Many promising candidate electrode materials suffer from severe voltage decay, which is detrimental to lithium ion battery performance. Recently, the relationship between stress-mediated chemical potential and voltage variation has received much attention. While, how the plastic deformation affects the voltage variation remains unclear. A stress coupled phase field reaction model is employed to reveal the mechanism for the stress-related voltage decay accompanied by plastic deformation, wherein different lithiation behaviors under electrochemical reactions are considered. It is demonstrated that hydrostatic compression on the surface is responsible for the stress-induced voltage decay, and the plastic deformation can mitigate the voltage decay via not only relaxing the hydrostatic compression, but also changing hydrostatic compression on the surface to be hydrostatic tension under the small yield stress. In addition, under the same yield stress, two-phase lithiation process is prone to trigger the plastic deformation compared to the single phase lithiation process, facilitating to elevate the output voltage. Further, compared to the circular particle, the interconnected particle can improve the output voltage through the favorable transition from hydrostatic compression to hydrostatic tension at the interconnected region and the surface with large curvature.
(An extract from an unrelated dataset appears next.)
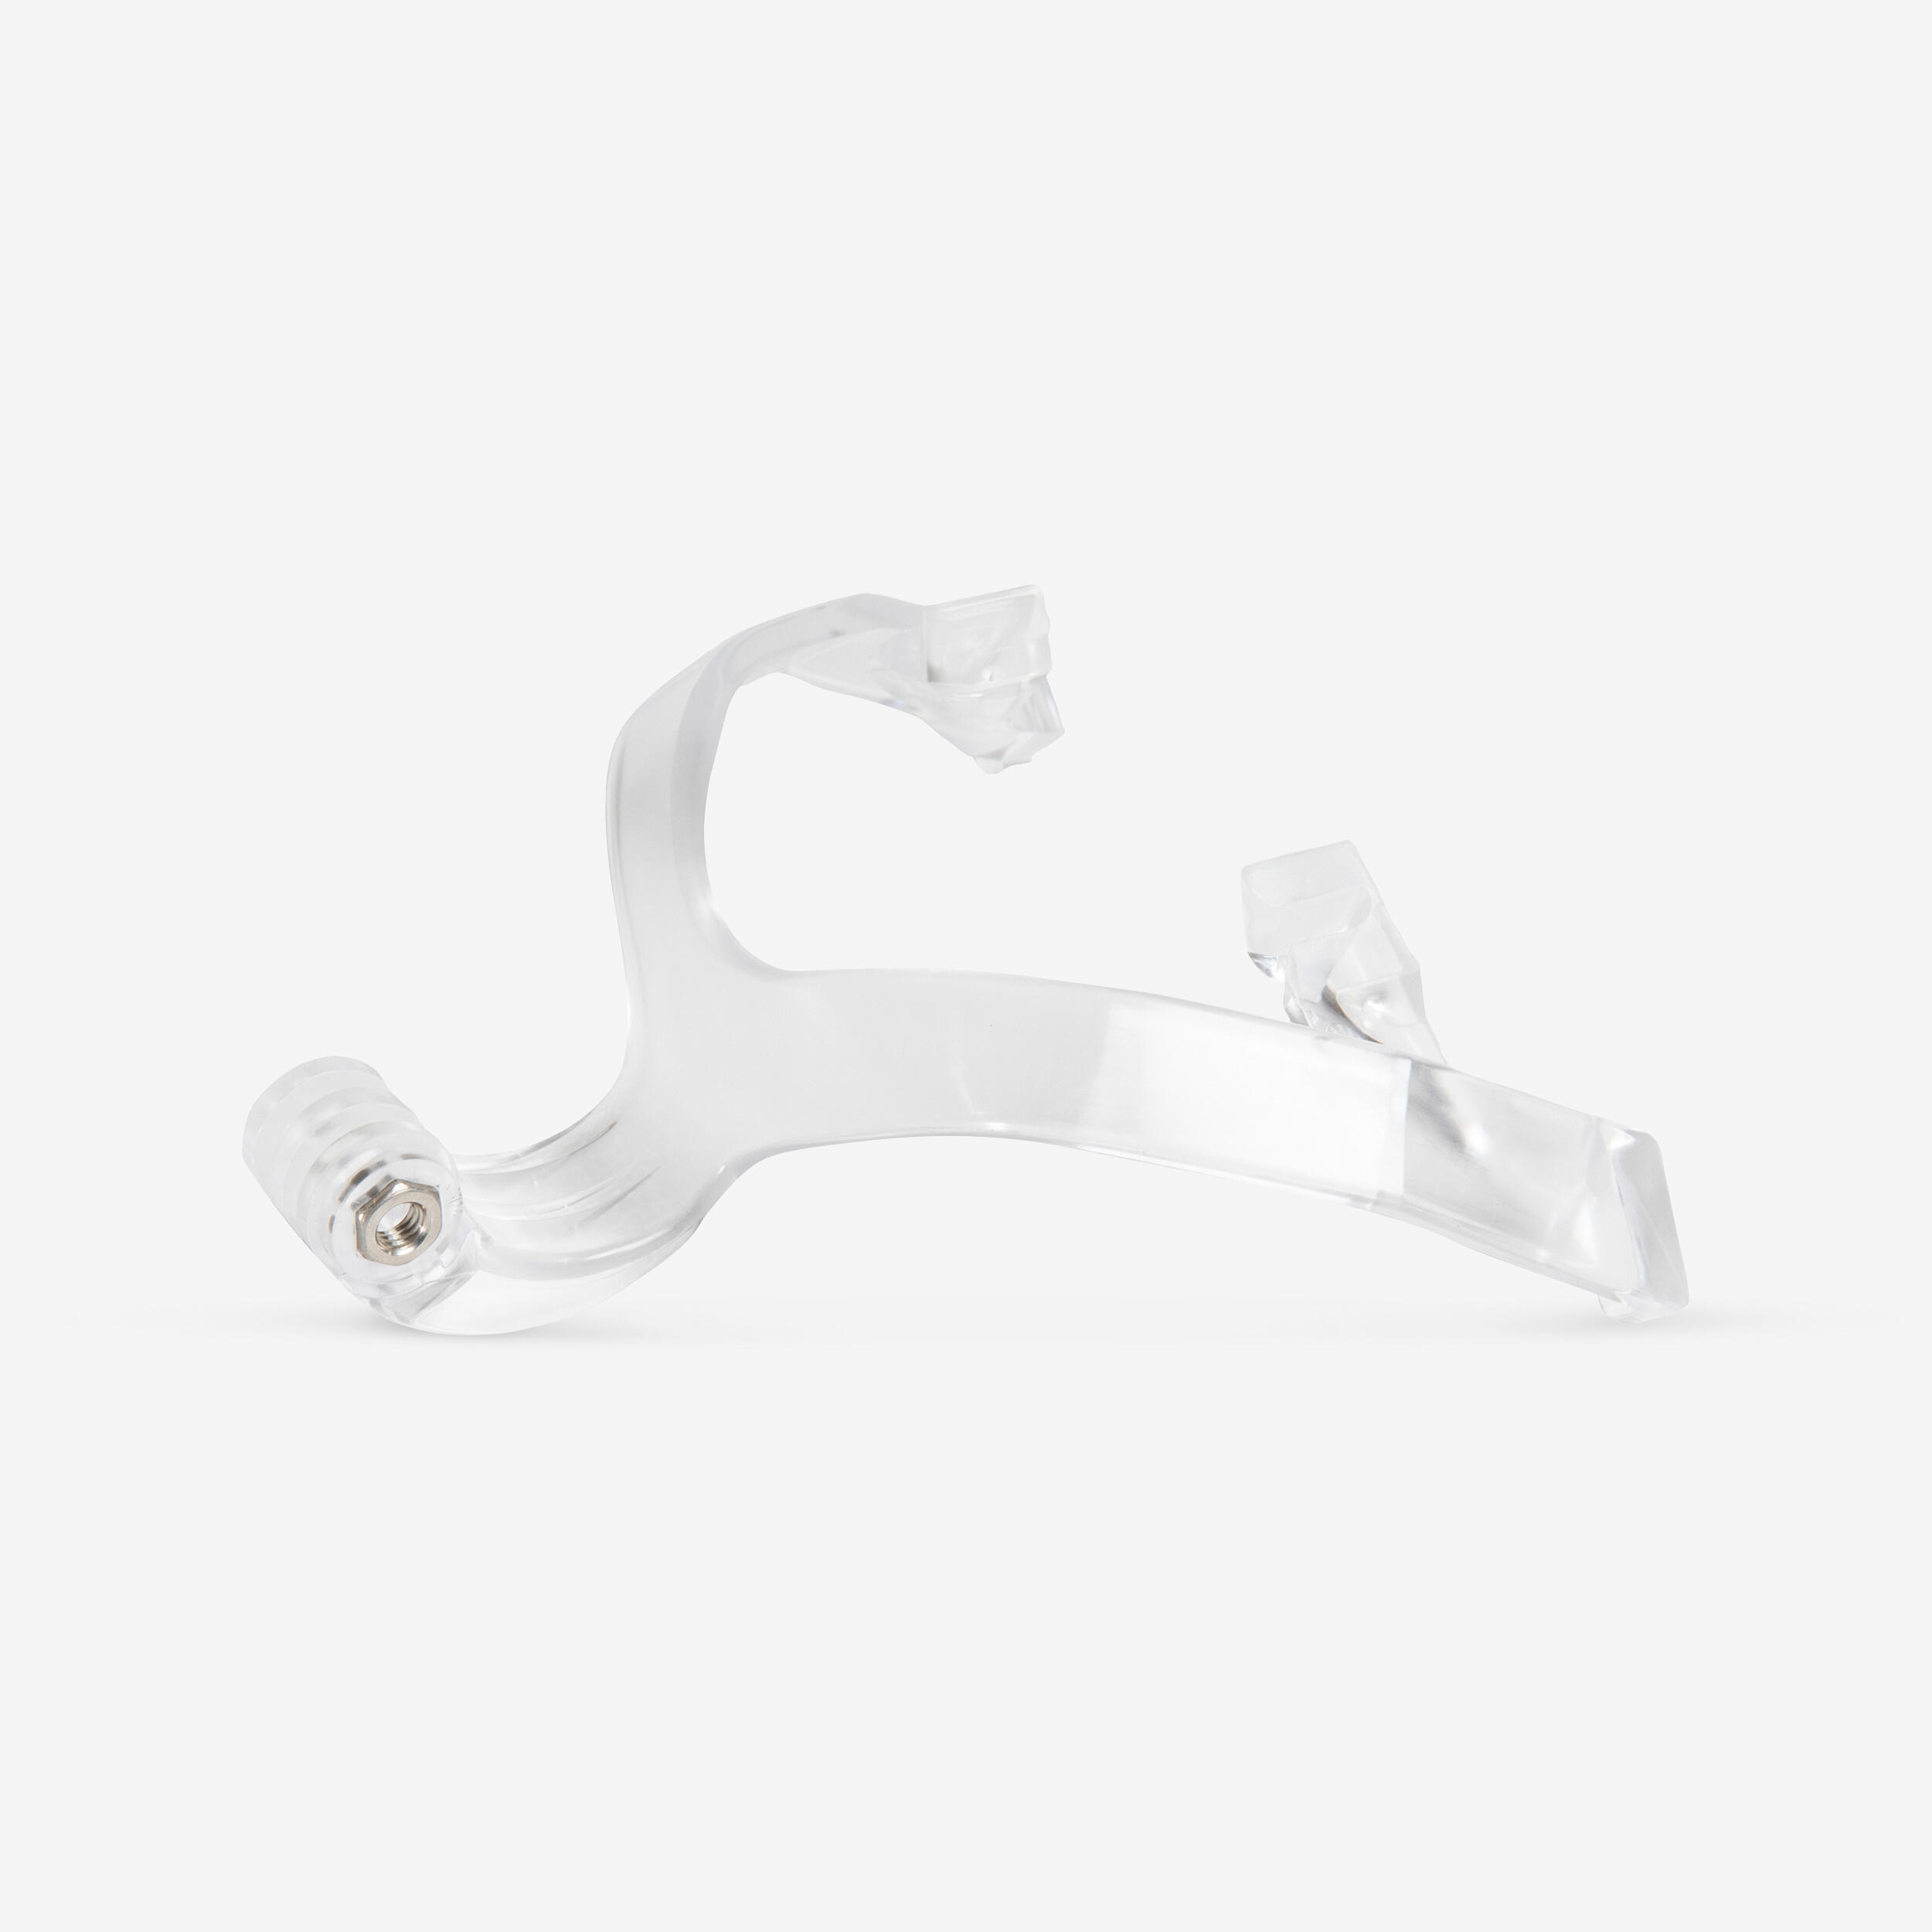 Camera mount for the Easybreath Snorkelling mask 1/1

许多有希望的候选电极材料遭受严重的电压衰减，这对锂离子电池的性能有害。近年来，应力介导的化学势与电压变化之间的关系备受关注。然而，尚不清楚塑性变形如何影响电压变化。应力耦合相场反应模型用于揭示伴随塑性变形的应力相关电压衰减的机理，其中考虑了电化学反应下的不同锂化行为。结果表明，表面上的静水压缩是应力引起的电压衰减的原因，塑性变形不仅可以通过放松静水压缩来减轻电压衰减，而且在很小的屈服应力下，改变表面的静水压力成为静水压力。另外，在相同的屈服应力下，两相锂化过程相比单相锂化过程更容易触发塑性变形，从而有利于提高输出电压。此外，与圆形颗粒相比，互连颗粒可以通过在互连区域和具有大曲率的表面上从静水压缩到静水张力的良好过渡来改善输出电压。